Aulonocara are strongly sexually dichromic. Males are far more colourful with elongated dorsal and anal fins, while females remain a drab silver or brown. The contrast makes the sexes easy to tell apart in mature fish.

Conditioning

Reflecting its diet of sand-dwelling invertebrates, condition breeding stock over a sandy bottom with a varied micropredator diet of fine prepared and small live or frozen foods.

Breeding Setup

Use the standard Aulonocara harem of one male with several females over sand with rocky shelter. Keeping multiple females spreads the male's attention and reduces harassment.

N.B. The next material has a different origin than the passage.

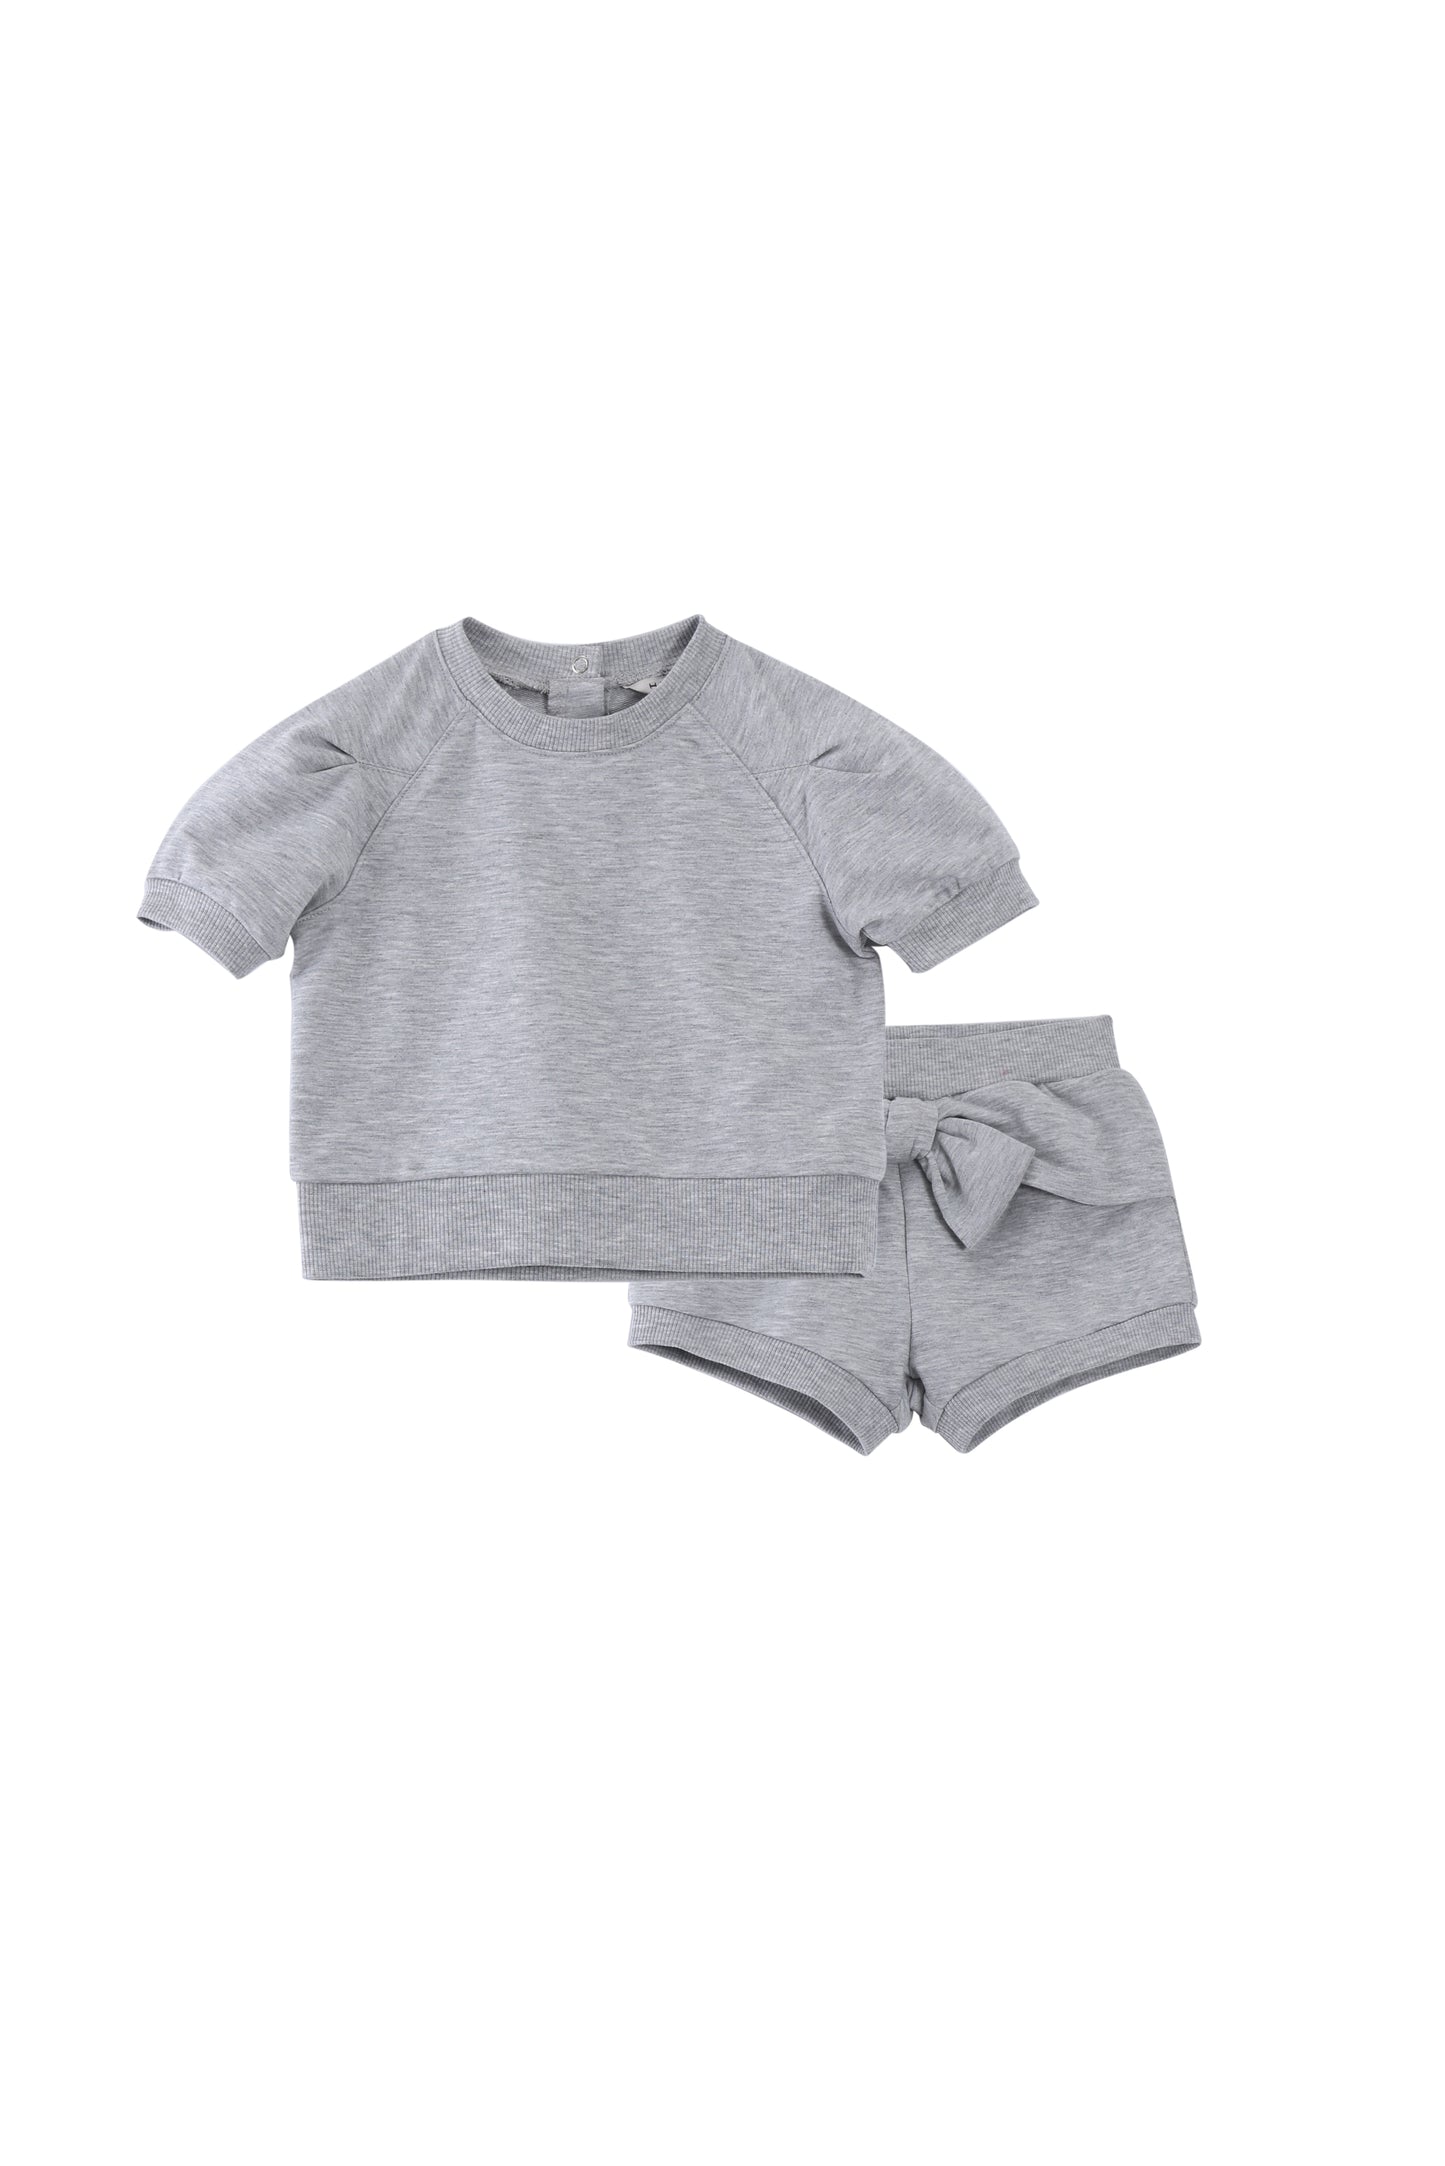 LIGHT GREY FRENCH TERRY SWEATSHIRT TOP AND SWEAT SHORTS WITH A BOW

Spawning Behavior & Trigger

As a maternal mouthbrooder, the female spawns and takes the eggs into her mouth; fertilisation follows the genus egg-spot pattern, with the male displaying anal-fin spots that the female attempts to collect, prompting release of milt. Detailed species-specific spawning accounts are limited, so behaviour is described at genus level.

Egg & Fry Care

The female incubates the brood orally for roughly three weeks before releasing free-swimming fry, in line with the genus. Because Aulonocara species hybridise readily, keep other peacocks out of the breeding tank.